What is predictor_dl_model?
predictor_dl_model is a suite of offline processes to forecast traffic inventory. The suite contains the following modules. More information is included in the module’s directory.
- datagen: This module generates factdata table which contains traffic data.
- trainer: This module builds and trains a deep learning model based on the factdata table.
- pipeline: This module processes factdata table into training-ready data which is used to train the neural network. a. Main-ts only modifies the structure the raw data, does not remove any data. b. Pre-cluster denoises(new)/removes individual uckeys and prepare them for clustering c. Cluster creates clusters and denoises/removes clusters d. Distribution records the relationship between virtual-uckey and uckey e. Norm normalizes attributes f. Tfrecords, save data into tfrecords format
Prerequisites
Cluster: Spark 2.3/HDFS 2.7/YARN 2.3/MapReduce 2.7/Hive 1.2 Driver: Python 3.6, Spark Client 2.3, HDFS Client, tensorflow-gpu 1.10
To install dependencies run: pip install -r requirements.txt
Install and Run
- Download the blue-martin/models project
- Transfer the predictor_dl_model directory to ~/code/predictor_dl_model/ on a GPU machine which also has Spark Client.
- cd predictor_dl_model
- pip install -r requirements.txt to install required packages. These packages are install on top of python using pip.

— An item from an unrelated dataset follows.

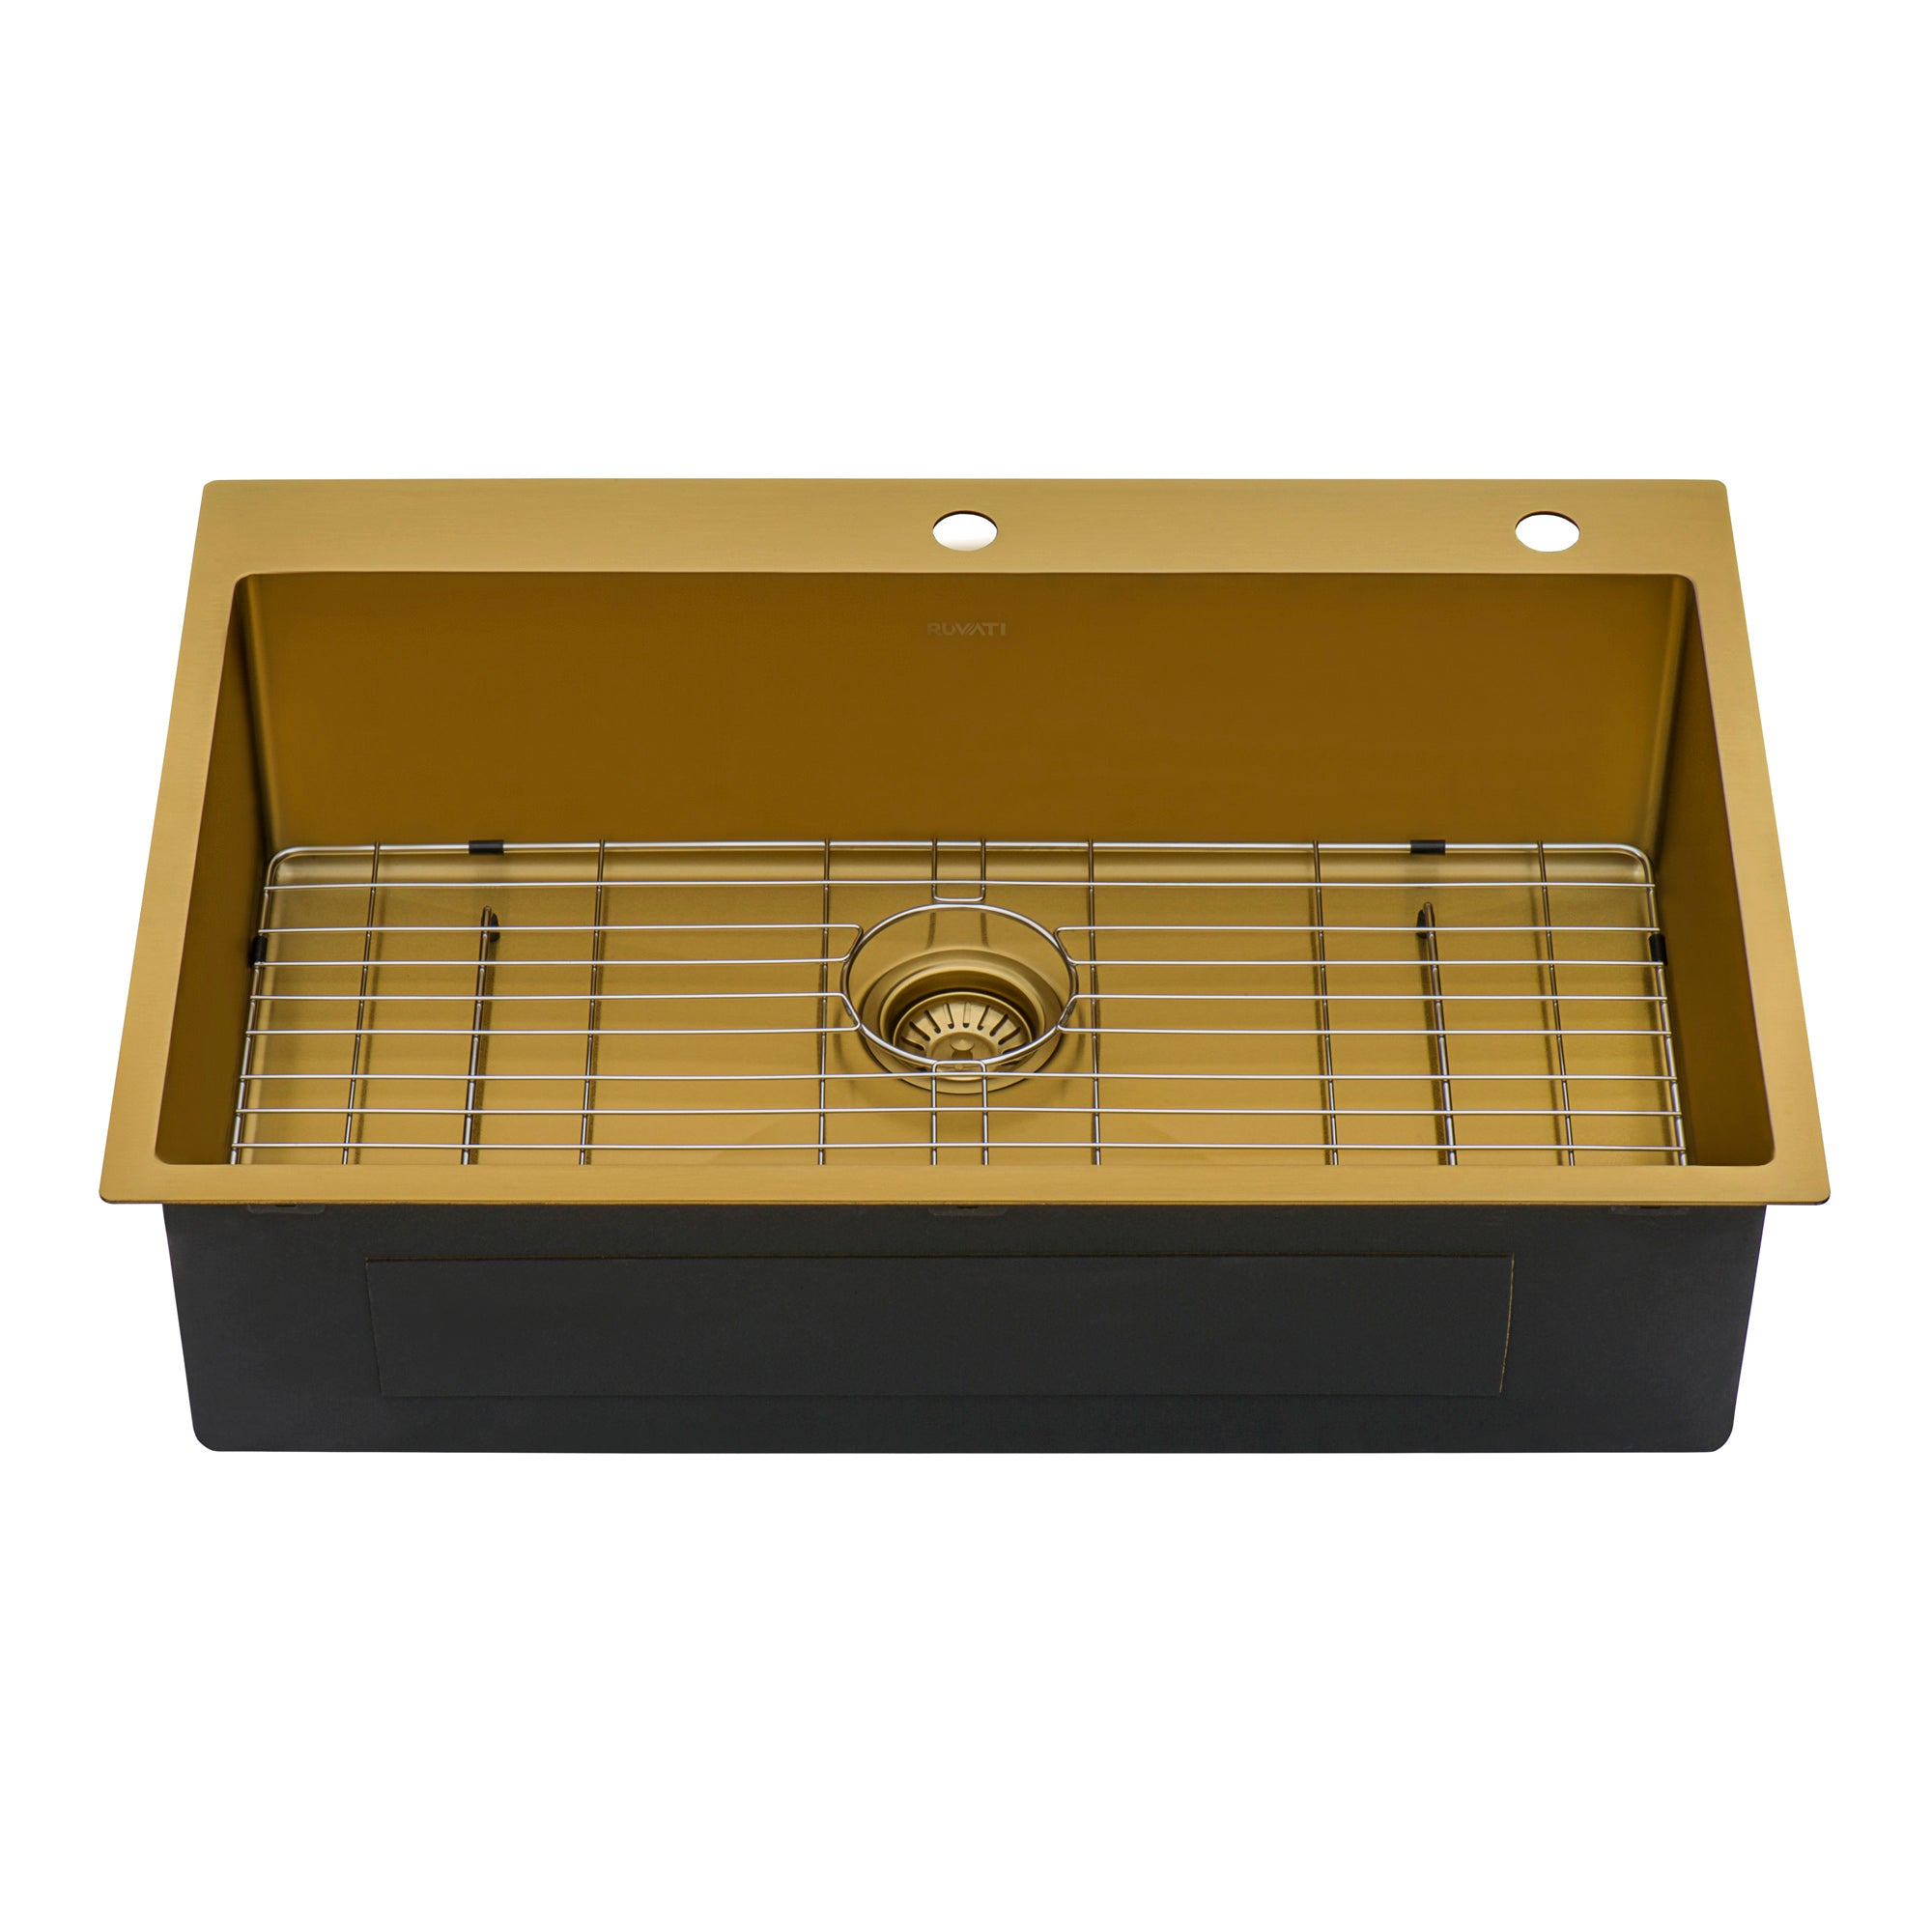 Ruvati 33 x 22 inch Satin Brass Matte Gold Stainless Steel Drop-in Topmount Kitchen Sink Single Bowl – RVH5005GG

- python setup install (to install predictor_dl_model package)
- (optional) python set_up.py bdist_egg (to create .egg file to provide to spark-submit)
- Follow the steps in ~/code/predictor_dl_model/datagen/README.md to generate data
- Go to directory ~/code/predictor_dl_model/predictor_dl_model
- Run run.sh or each script individually
Documentation
Documentation is provided through comments in config.yml and README files
Note
saved_model_cli show --dir <model_dir>/ --all